I would spend eight years in the Catholic seminary, every year of which I was asked to form a relationship with a spiritual director. By the time I left seminary, I had come to rely heavily on their gift to help shape and direct the health of my spiritual well-being.
Part counselor, part coach, part guru, and part confidante, every SD I have ever had the joy of working work had one thing in mind: exploring honest answers to the question “how is it with my soul?”
I am now thirty years into my ordained ministry. Over the years I have had opportunities to work with these remarkable leaders, whose calling and gift is to maintain the spiritual health of the church and those who serve within it.
A few years ago, I prepared a address to a group of leaders in the Conference of churches where I was working. My opening line read “It is time for the Spiritual Directors, the shamans, and the sages to find their voice among us. It is time for us to listen to what they give voice to.”
Before the remarkable church historian Phyllis Tickle died, she reminded the church that we are going through a new time of Reformation. The previous Reformation shifted the Church on its axis. These shifts, which she argued happened about once every 500 years, begin when questions about authority surface. We call into question that which we grant the authority to resolve our questions about truth and morality.
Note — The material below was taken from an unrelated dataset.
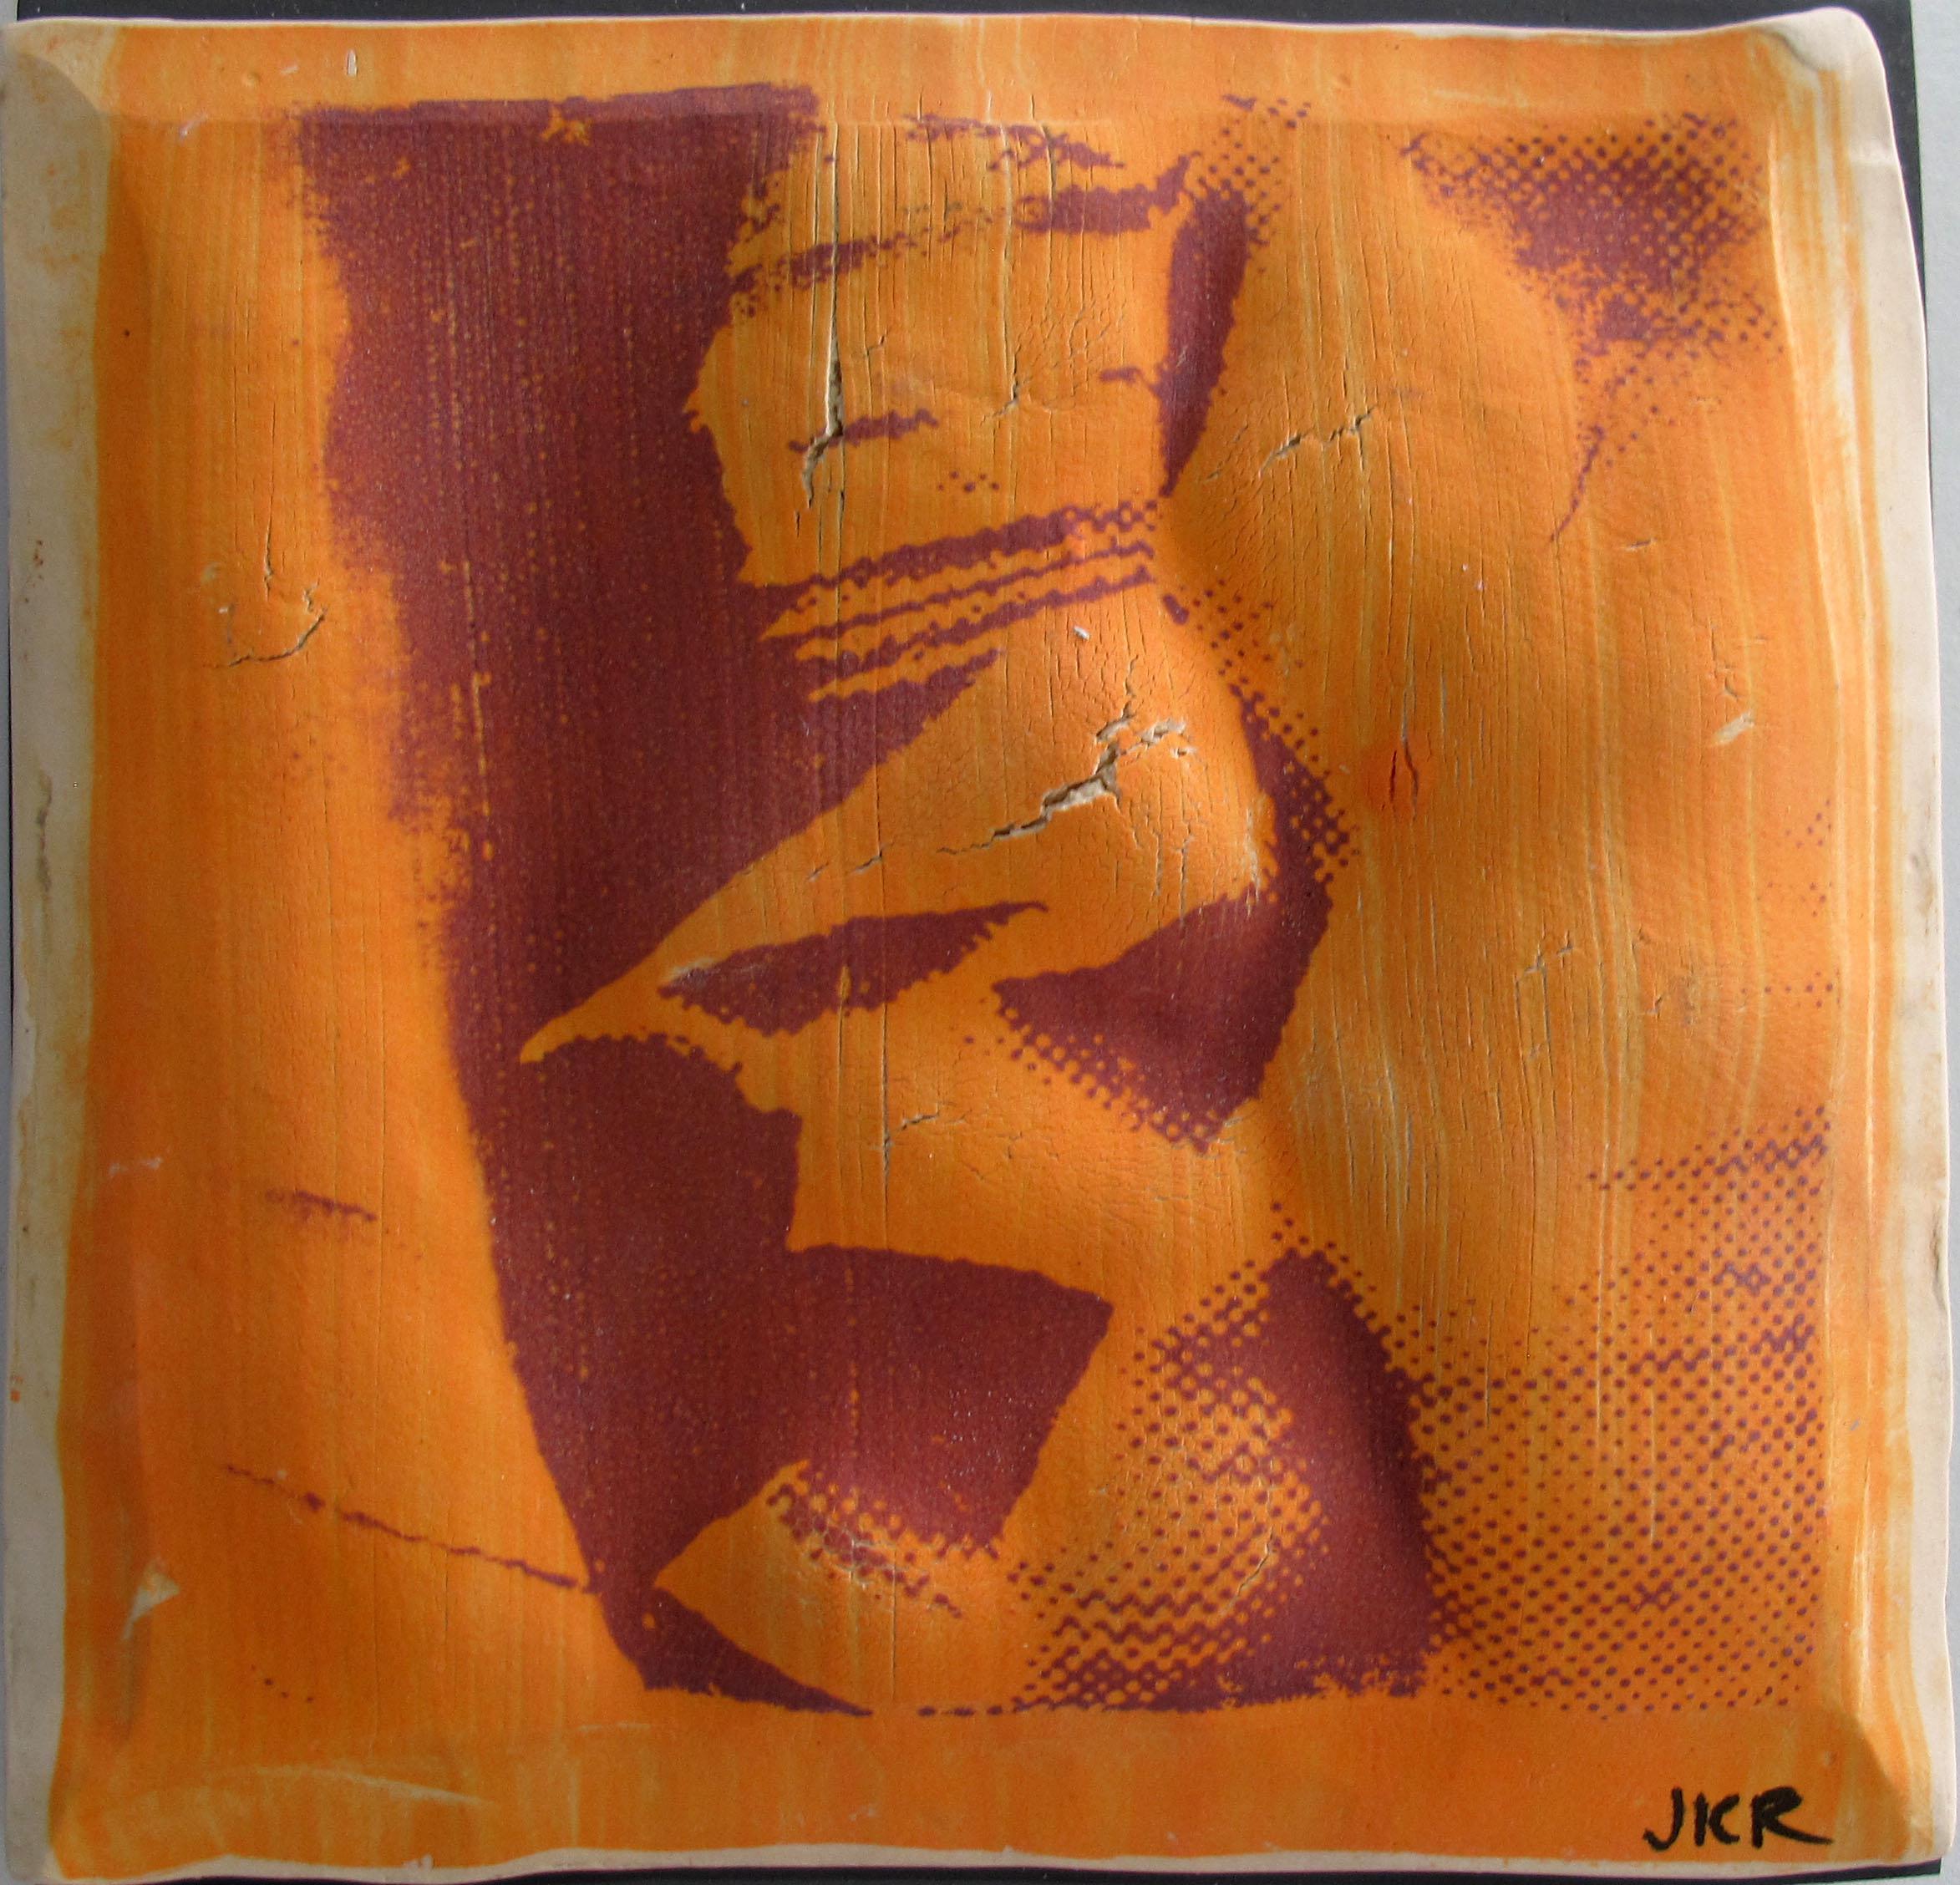 Antelope yelo orange violet 1.jpg

Its happening again, she said. Since the time of Luther, the reformed traditions granted that authority to scripture. She says we have learned new things about those writings that, while they remain sacred to us, are no longer going to allow us to say the Bible is our only source of determining truth and moral judgment.
What will replace it?
Her guess was the Holy Spirit.
She says we are entering a time when the sacred movement and dance of the Spirit of the living God and the risen Christ will assist the Church in its deliberations. The art of discernment, the playful and creative ability to sense the impulses of the Spirit of God in prayer and through contemplation, will stand alongside our renderings of our sacred texts and speak to us about our pathways to grace, to justice, to faith, to hope, and to love.
And so, it is time for the spiritual directors, those who direct our spirits, who open us up to matters oft unnoticed in the hectic and chaotic world we move through, to emerge. It is time for us all the develop disciplines of discernment and contemplation so that the Holy Spirit, who has not abandoned the church and remains its life-blood, can speak to us through the cacophony of voices vying for our attention.
Gentle traveler of these some times weary ways, let your spirit open up on your walk through this world. May there be joy in your spirit on this, your journey Into the Mystic.